A little girl suffering from cerebral palsy could have escaped that illness if she had been born mere minutes earlier, according to a B.C. Supreme Court judge, who found the attending doctor and nurse liable for negligence during the birth.
Mirella Rochelle Steinebach was born on March 31, 2005, at Surrey Memorial Hospital. Now five, she suffers from severe cerebral palsy, caused by oxygen deprivation when her placenta separated from her mother's uterus shortly before birth.
In a decision issued on Monday, Judge Ian Pitfield ruled that the Steinebachs' family physician Dr. Jodi Lock O'Brien and Charito Hermogenes, a nurse at the hospital, were both liable for negligence during Mirella's birth.
Mirella was born at 5:37 a.m. According to the judge's decision, the oxygen deprivation that caused her cerebral palsy occurred less than half an hour earlier, or sometime between 5:17 and 5:27 a.m.
"It follows that if Mirella had been delivered at any time before 0517 hours, it is more likely than not that she would not have suffered hypoxic-ischemic encephalopathy," or the destruction of brain damage caused by oxygen deprivation, Pitfield wrote in his decision.

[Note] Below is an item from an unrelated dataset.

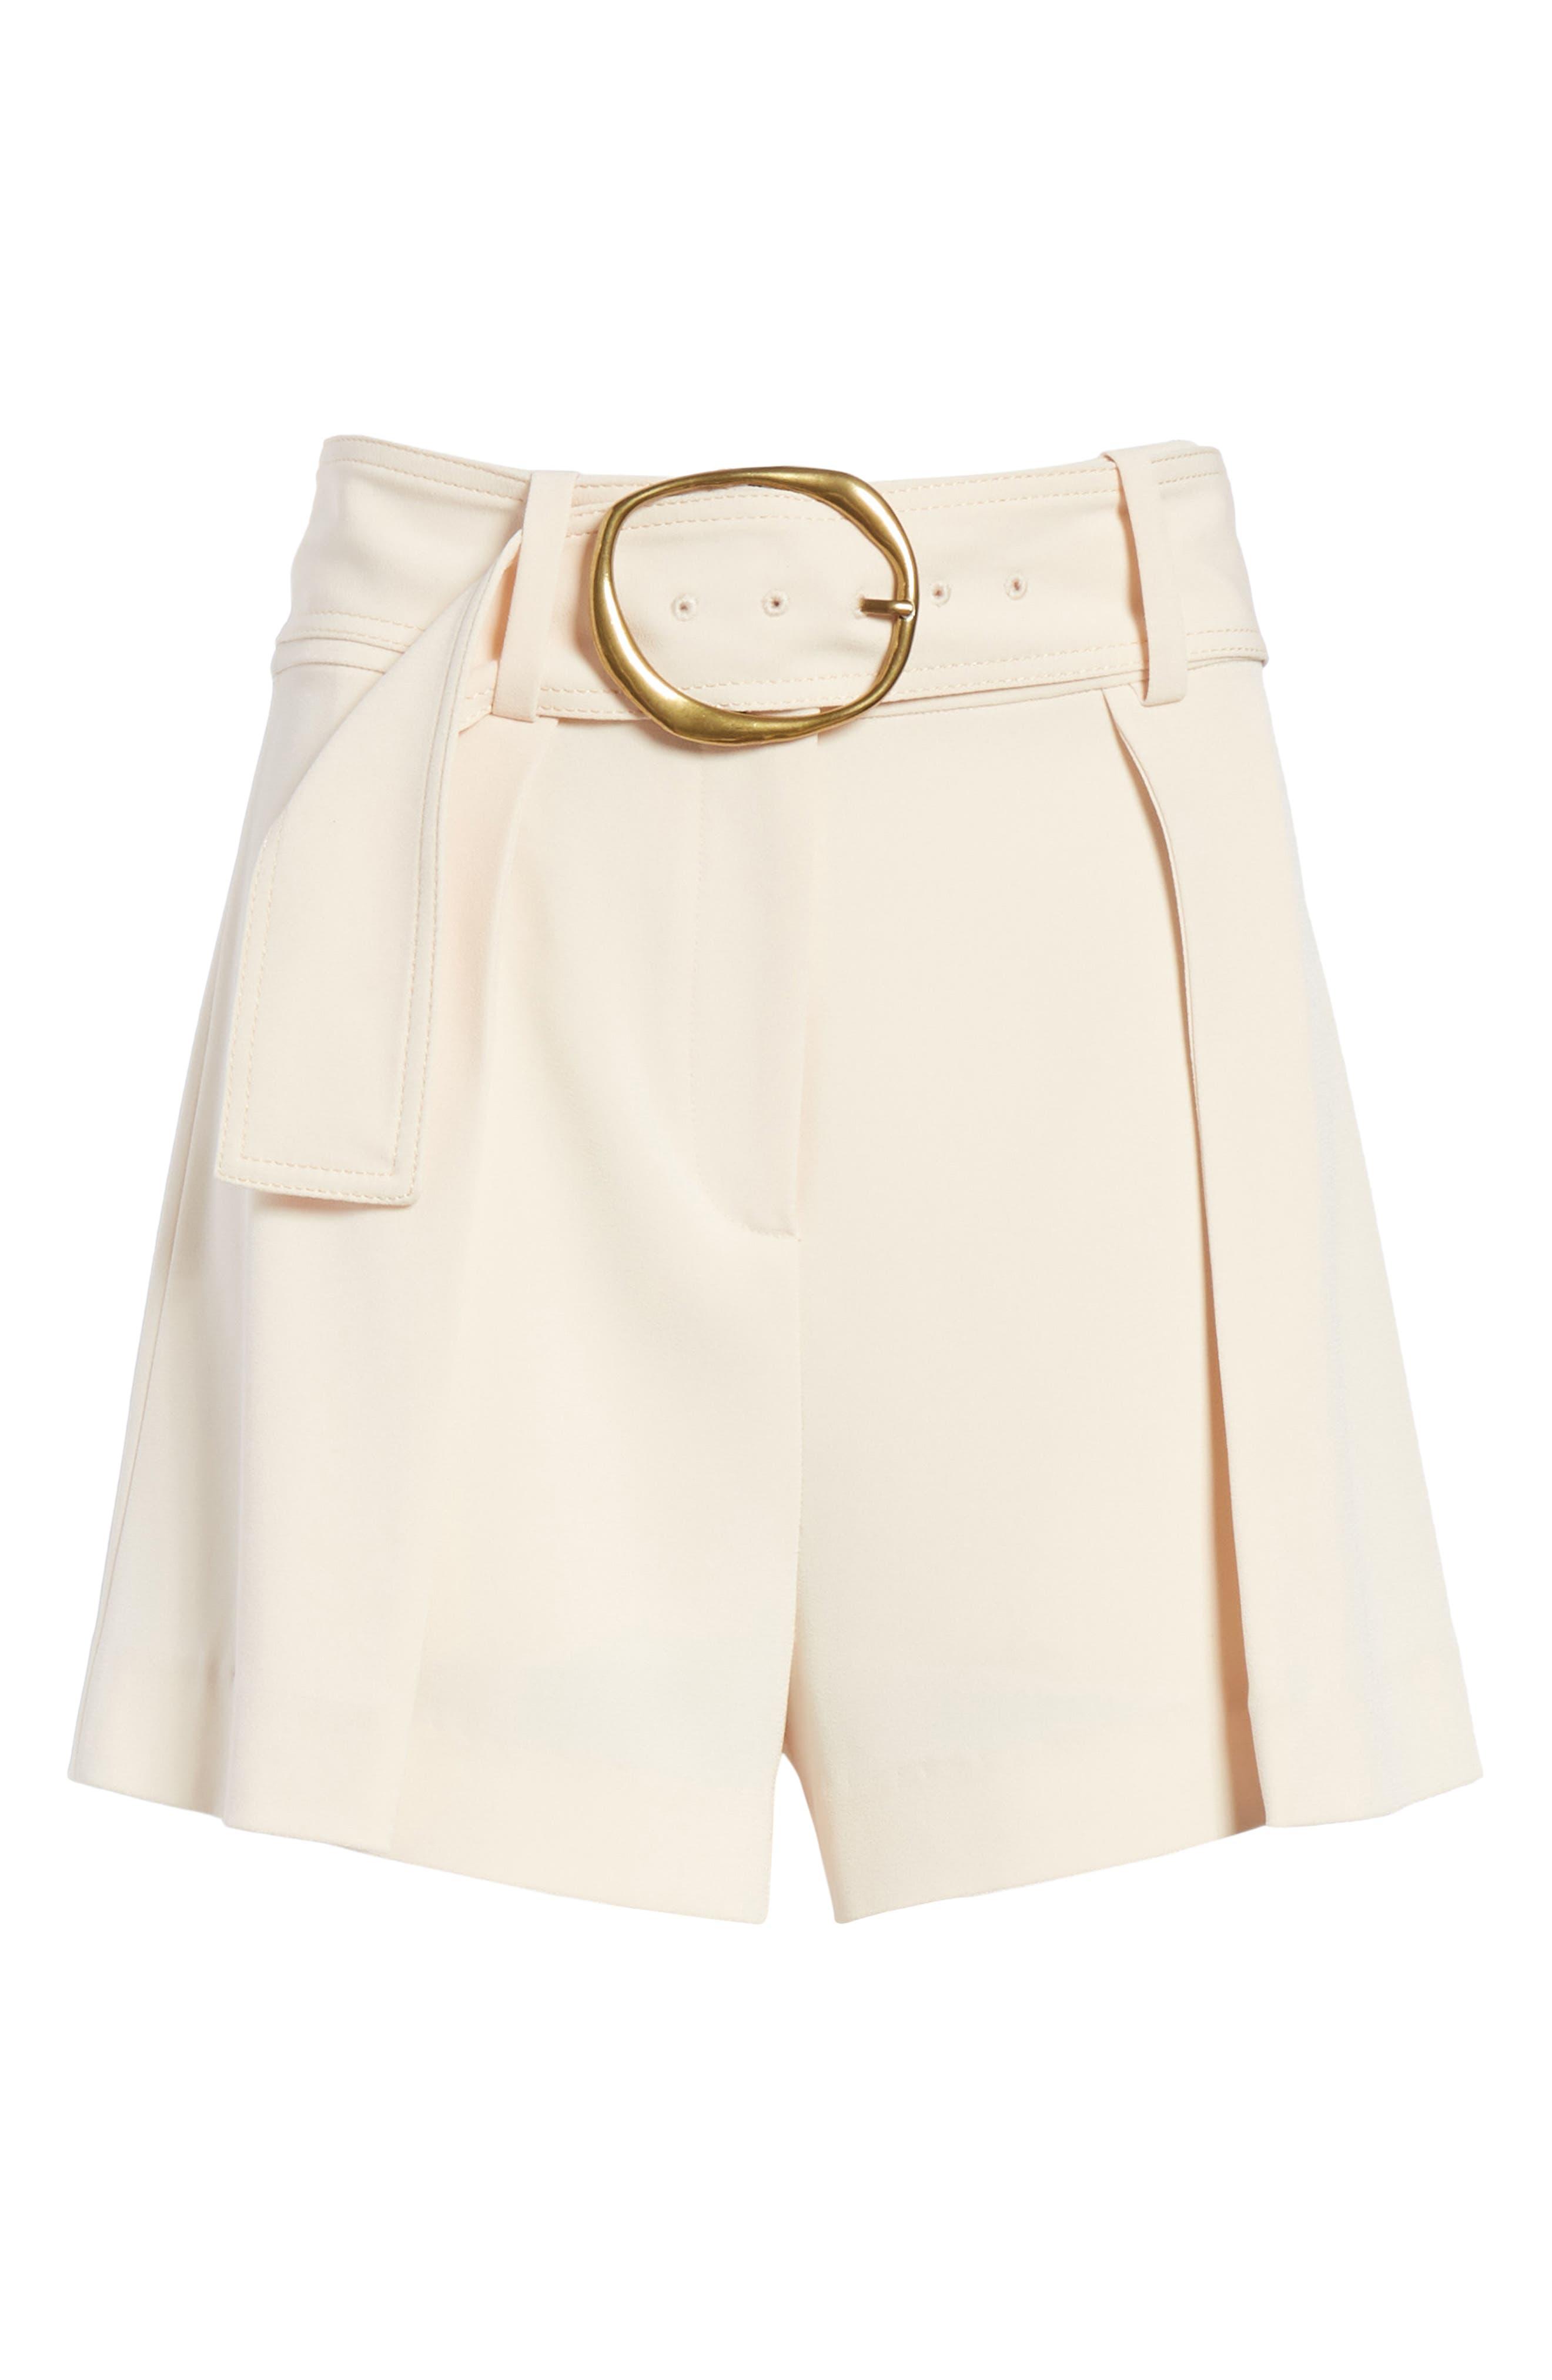 Belted Shorts,                             Alternate thumbnail 6, color,                             Sandstone
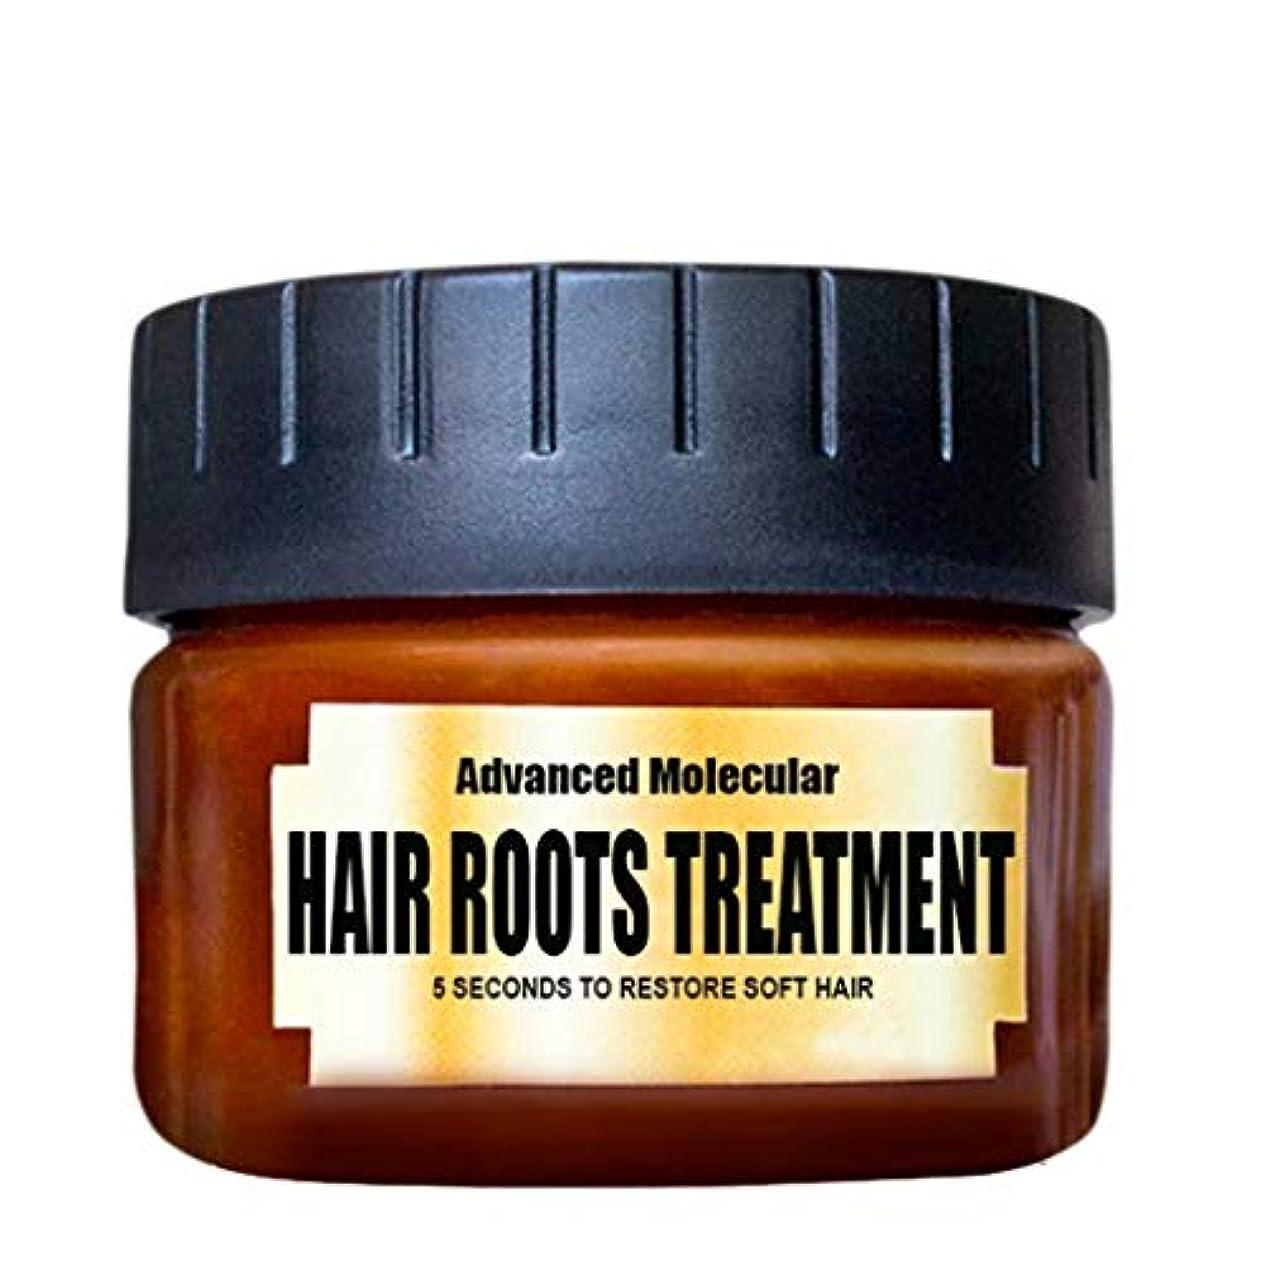 力大統領息子DOUJI 天然植物成分 ヘアケア リッチリペア コンディショナー60ml コンディショナー 髪の解毒ヘアマスク高度な分子毛根治療回復エクストラダメージケア トリートメント

Several warning signs should have convinced Dr. O'Brien to consult an obstetrician -- including a "gush of blood" at home before mother May Steinebach visited the hospital, her abnormally low weight gain during pregnancy, her gestational diabetes, and a Streptococcus infection, according to the judge.
"Dr. O'Brien owed a duty to Ms. Steinebach to consult with an obstetrician regarding the appropriate course for the management of the labour," Pitfield wrote.
Her decision not to speak to a specialist "resulted from a brief, incomplete and inadequate examination."
Pitfield also found that Hermogenes, the attending nurse, failed to consistently monitor the fetal heart rate and inform O'Brien of marked changes in that rate in the hour leading up to Mirella's birth.
"If Dr. O'Brien had appropriately assessed Ms. Steinebach and the fetus…and if Nurse Hermogenes had reported her observations to Dr. O'Brien…Mirella would have been delivered before 0517 hours and before the onset of harm," the judge ruled in finding that negligence was the root cause of Mirella's condition.
The exact amount of damages to be paid out in the civil suit has yet to be finalized, but initial estimates by Pitfield put the dollar value at around $730,000.
A ‘wonderful little girl'
The Steinebach family's lawyer Donald Renaud told ctvbc.ca that Mirella will soon begin attending school.
"She's a wonderful little girl," he said. "She's got a big dimple and she'll break your heart."
Her condition, he added, is a "real tragedy." In Pitfield's ruling, he wrote that Mirella is not likely to live past the age of 20.
But the family is satisfied with the judge's decision, Renaud said.
"We're very pleased."
He said that he's handled similar cases in the past, and doesn't expect that this one will be the last.
"I think it's unfortunate that there is such a high rate of cerebral palsy, and a certain proportion of that is as a result of the birth process and preventable errors that are not properly investigated."
As Hermogenes's employer, the Fraser Health Authority was found vicariously liable in the judge's decision. Spokespeople for the health authority did not respond to requests for comment by press time.
Contact information for Dr. O'Brien could not be located, and her lawyers did not respond to requests for comment by press time.
The defendants have 30 days to file an appeal.